27821101 Factors associated with symptomatic pseudotumors following metal-on-metal total hip arthro 2016 Nov 7 BACKGROUND: Pseudotumors associated with metal-on-metal hips can be symptomatic or asymptomatic. The purpose of this study was to identify the characteristics of pseudotumors associated with pain. METHODS: A total of 239 large-diameter, metal-on-metal total hip arthroplasties (THAs) were performed in 222 patients. Screening for pseudotumors was performed using magnetic resonance imaging (MRI) in all patients who underwent metal-on-metal THA, and 57 patients with 62 affected hips showed pseudotumors. There were 45 women with 49 hips and 12 men with 13 hips affected, with a mean age of 64 years and a mean body mass index (BMI) of 23.9 kg/m(2). Sixteen hips had symptomatic pseudotumors with pain, and 46 hips were asymptomatic. Pseudotumor size was determined. The anatomical position of pseudotumors was divided into anterior position and posterolateral position. Types of pseudotumors were divided into two types: cystic type; and mixed solid cystic and solid type without a cystic component. The follow-up study of pseudotumors was determined using MRI in 33 patients.
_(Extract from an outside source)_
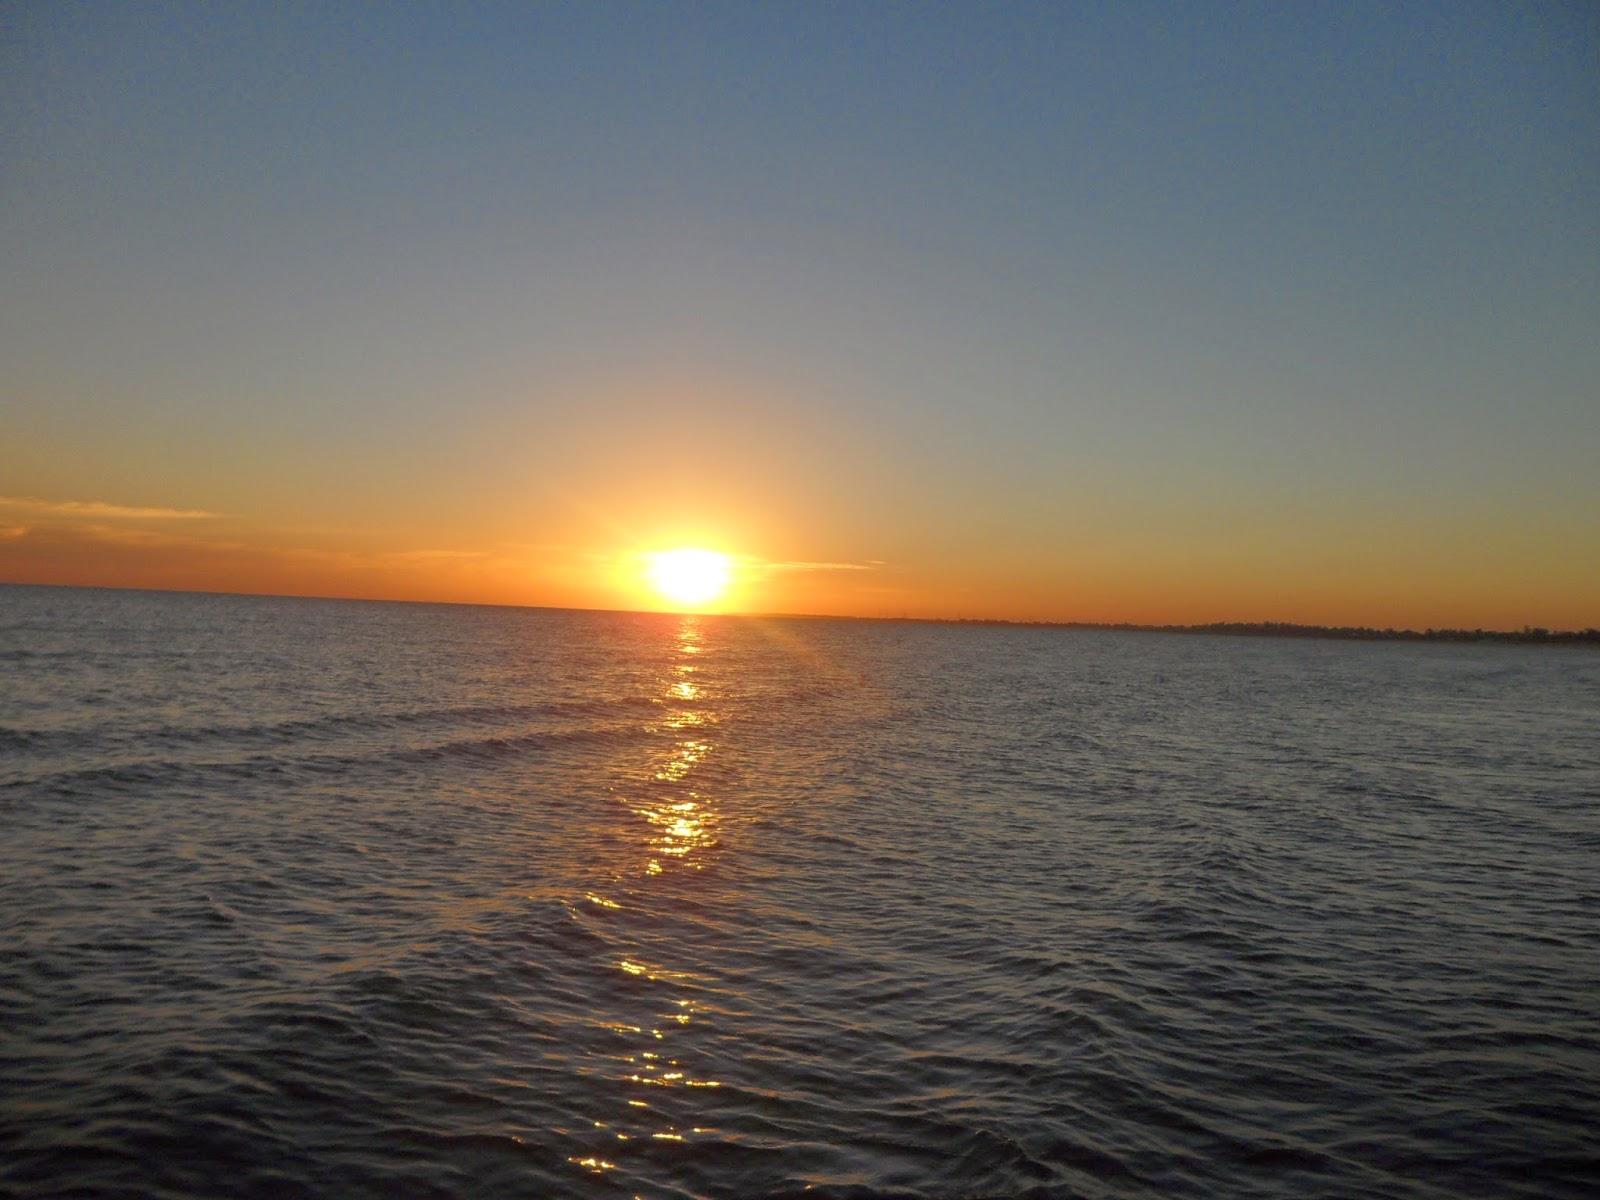 playa sol mar atardecer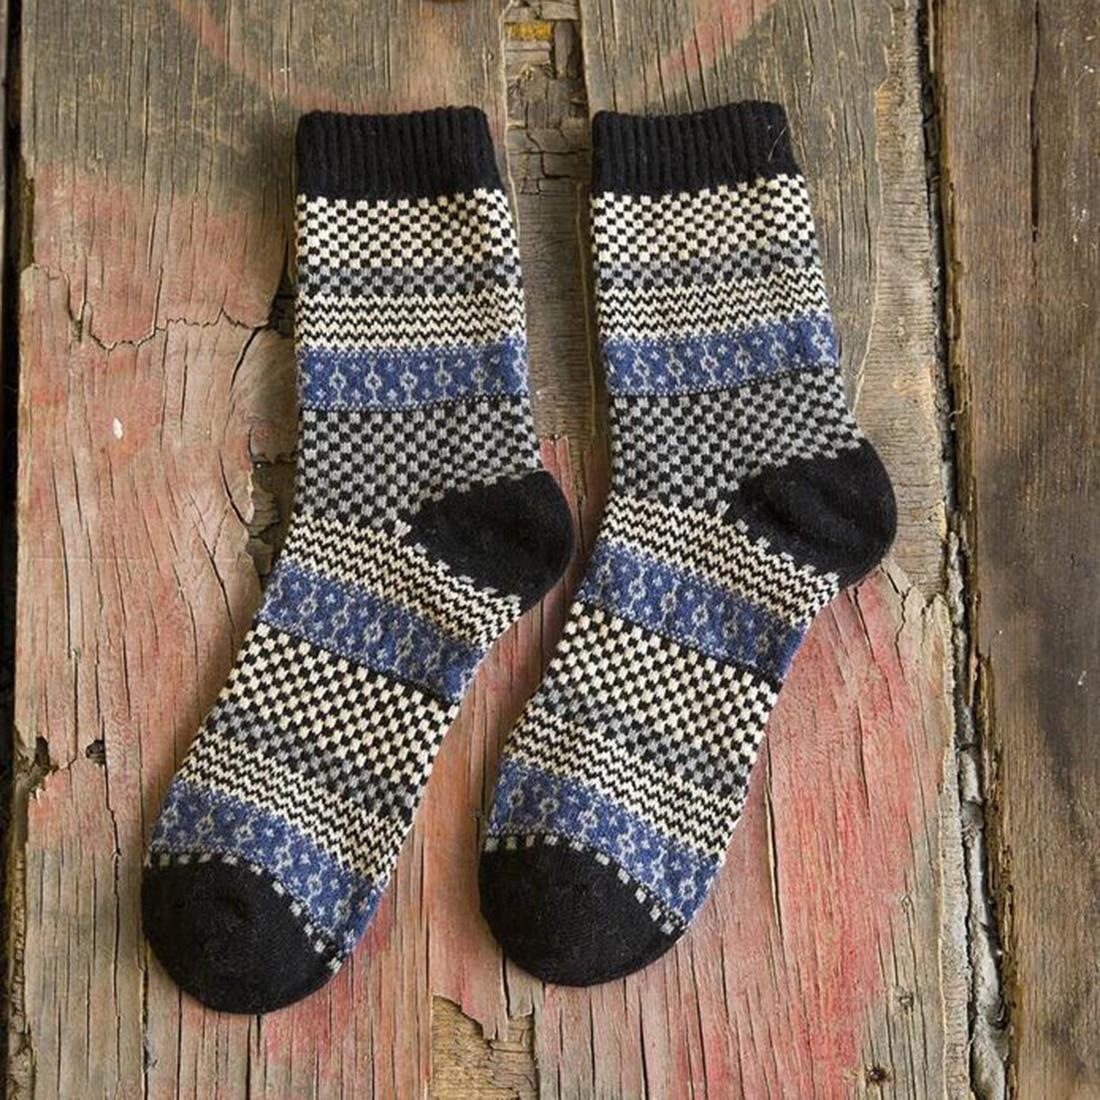 New Trendy 1Pair Wool Socks Men Thermal Winter Rabbit Wool Socks Male Thickening Socks Gift

The serum cobalt and chromium ion levels were measured in 38 patients after unilateral THA. Univariate and multivariate analyses were performed comparing symptomatic and asymptomatic patients to identify the characteristics of symptomatic pseudotumors. RESULTS: The mean BMI was 25.4 kg/m(2) in symptomatic patients and 23.4 kg/m(2) in asymptomatic patients; a higher BMI was associated with symptoms (P = 0.036). Symptomatic pseudotumors were significantly larger (three-fold) than asymptomatic pseudotumors (1812 mm(2) vs 642 mm(2), P = 0.003). Pseudotumors located in the anterior position were associated with symptoms (P = 0.032), and mixed solid cystic and solid type pseudotumors were associated with symptoms (P = 0.007). A multivariate analysis showed significant differences only in size (R (2) = 0.298, P = 0.031). No asymptomatic patients with pseudotumors became symptomatic during the follow-up period of MRI evaluation. CONCLUSION: Larger size was a significant factor for pain on multivariate analysis.